I "volunteered" a couple weeks ago to have a go at writing an RDF guide
for
Darwin Core.  I am still willing to do this, although I'm still getting
caught up at work from being at the TDWG meeting.  However, next week we
have fall break and I will make it a priority to come up with a draft
which
can be the subject of discussion.  As a part of this process, I think it
would be good to create one or more "boilerplate" RDF files for the
various
kinds of resources that are likely to be identified with GUIDs (e.g.
Occurrences, Taxa, etc.).  This can also be a subject of discussion and I
think it will help to clarify what will meet the actual needs that we
have
discussed in this thread.  I have a pretty clear picture of what I think
Occurrence RDF should look like. I'm going to have to depend on Pete and
others to deal with the taxonomy part.
Steve
Markus Döring wrote:
Steve, Pete,
Id like to draw your attention on a basic DarwinCore design pattern. Dwc
has
the goal of being technology independent by simply providing a list of
abstract terms one can use in various arenas such as xml, rdf, xhtml, csv
etc. And even within those there might be various ways of using them
(e.g.
we have a normalised and a simple flat xml schema), thats why we should
have
a guideline for each of them on how to use them. We are missing such a
guideline for rdf currently, hence this debate.
Whether scientificName is a literal string or some complex object
shouldnt
matter - its defined to be a scientific name. Such a dwc rdf property
could
either hold a literal string or a url to some name rdf:resource
(potentially
with a rdfs:label).
With the introduction if many ID terms we have diluted that idea a little
already in my mind. We could have as well used scientificName in xml to
hold
some identifier for that name. All URNs tell you what they are by their
urn
prefix (not necessarily how to resolve them), so you can easily detect a
UUID, LSID, http(s) url, ftp, doi and apply the conventional resolution
mechanism. The hardest problem are the local ids and other plain
identifers.
For those mainly we created the ID terms (at least in my mind). I am
feeling
rather uncomfortable discussing the introduction of specific dwc terms
for
each type of id. Maybe we should remove all id terms in dwc and use the
specific guidelines to specify these? At least if you really think having
all those id terms for rdf is a good thing I would feel much more
comfortable going down this route instead of diluting dwc by adding more
and
more rather redundant terms. The abstract concept is key to a dwc term,
not
the actual data type fo
rced by the technology you are using it with. Would you want several date
terms for various date formats? In fact we do that already to some degree
(eventDate, eventTime, year, month, day, verbatimEventDate) and I always
felt this is not a good idea. There are also a number of verbatimXXX
terms
in dwc which also contradict this pattern.

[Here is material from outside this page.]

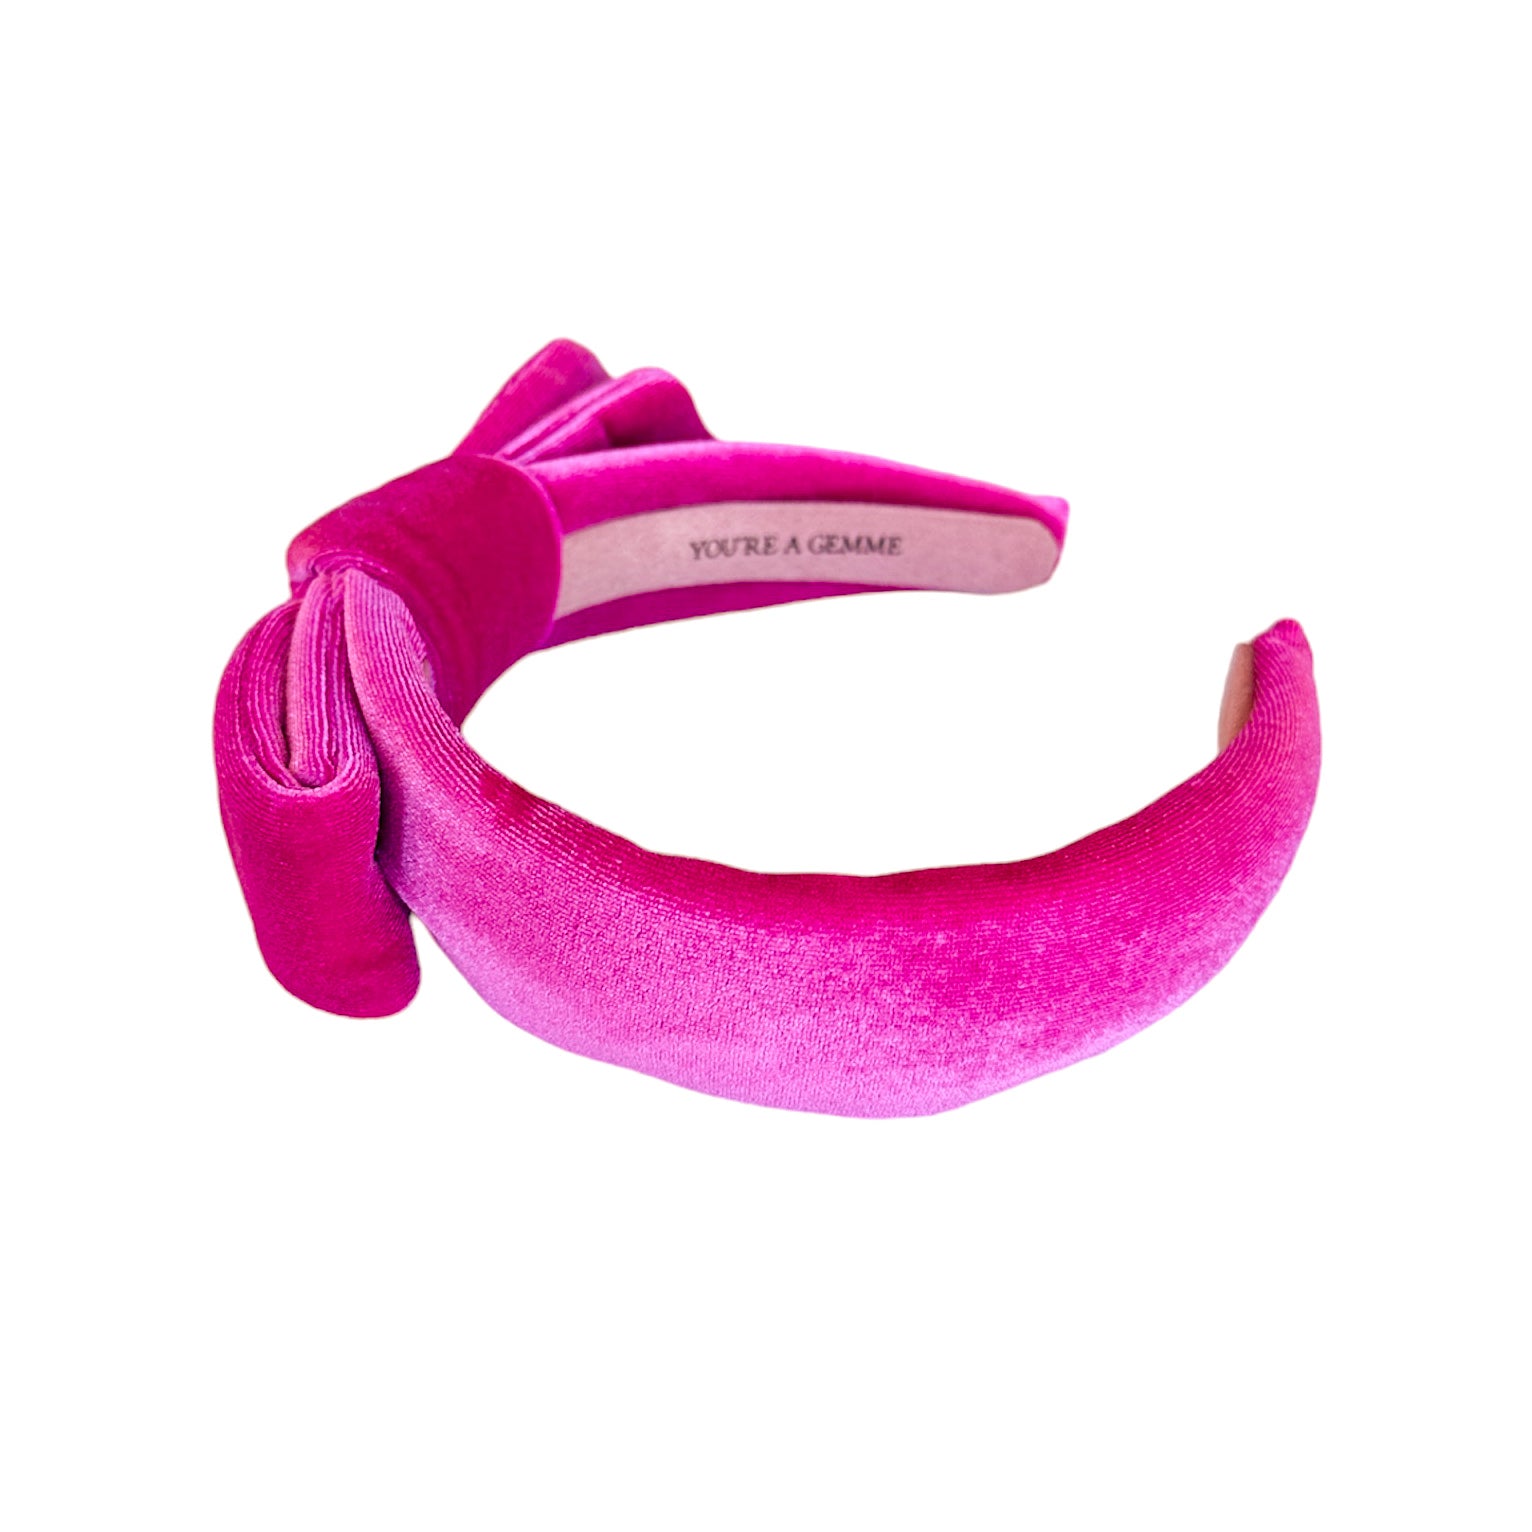 Bubblegum Pink Velvet Side Bow  Headband

Talking about new dwc terms - in the examples given properties like
"hasScientificName" is not strictly the correct dwc term, which is simply
scientificName. I think it would be fine to have the convention in the
rdf
guidlines to use hasDwcTerm instead of dwcTerm, this is exactly what an
rdf
guideline is for. On the flip side I am sure this only applies to some
terms, recordBy for example is likely to remain as it is. Its unclear to
me
what is best to do really. Always stick to the original dwc terms? Refine
them through some rdfs or owl schema and define the relation to the
original
term? Should we still use the same namespace in this case?
As an rdf beginner even after a few years exposed I wonder if we cant
simply
stick to the non ID terms and use them either as literals or with a uri
pointer. As in the rdf world a resolvable http is really required for
resource relations to work, why not simply mandate this in the
guidelines?
If you only happen to have non resolvable uris like lsid or dois the
guidelines should be asking you to use proxied versions, knowing it will
break rdf frameworks and lod conventions otherwise. On the resolving side
one could always include such urns with owl:sameAs (or sth alike) I
believe.
But how many non resolvable ids with no matching http counterpart are
really
out there yet?
- Markus
On Oct 6, 2010, at 9:02, Peter DeVries wrote:
Hi Steve,
You are probably right that it might be best to use rdfs:Label, but I am
thinking we might be able to get the same
result my defining the string variants as subproperties of rdfs:Label.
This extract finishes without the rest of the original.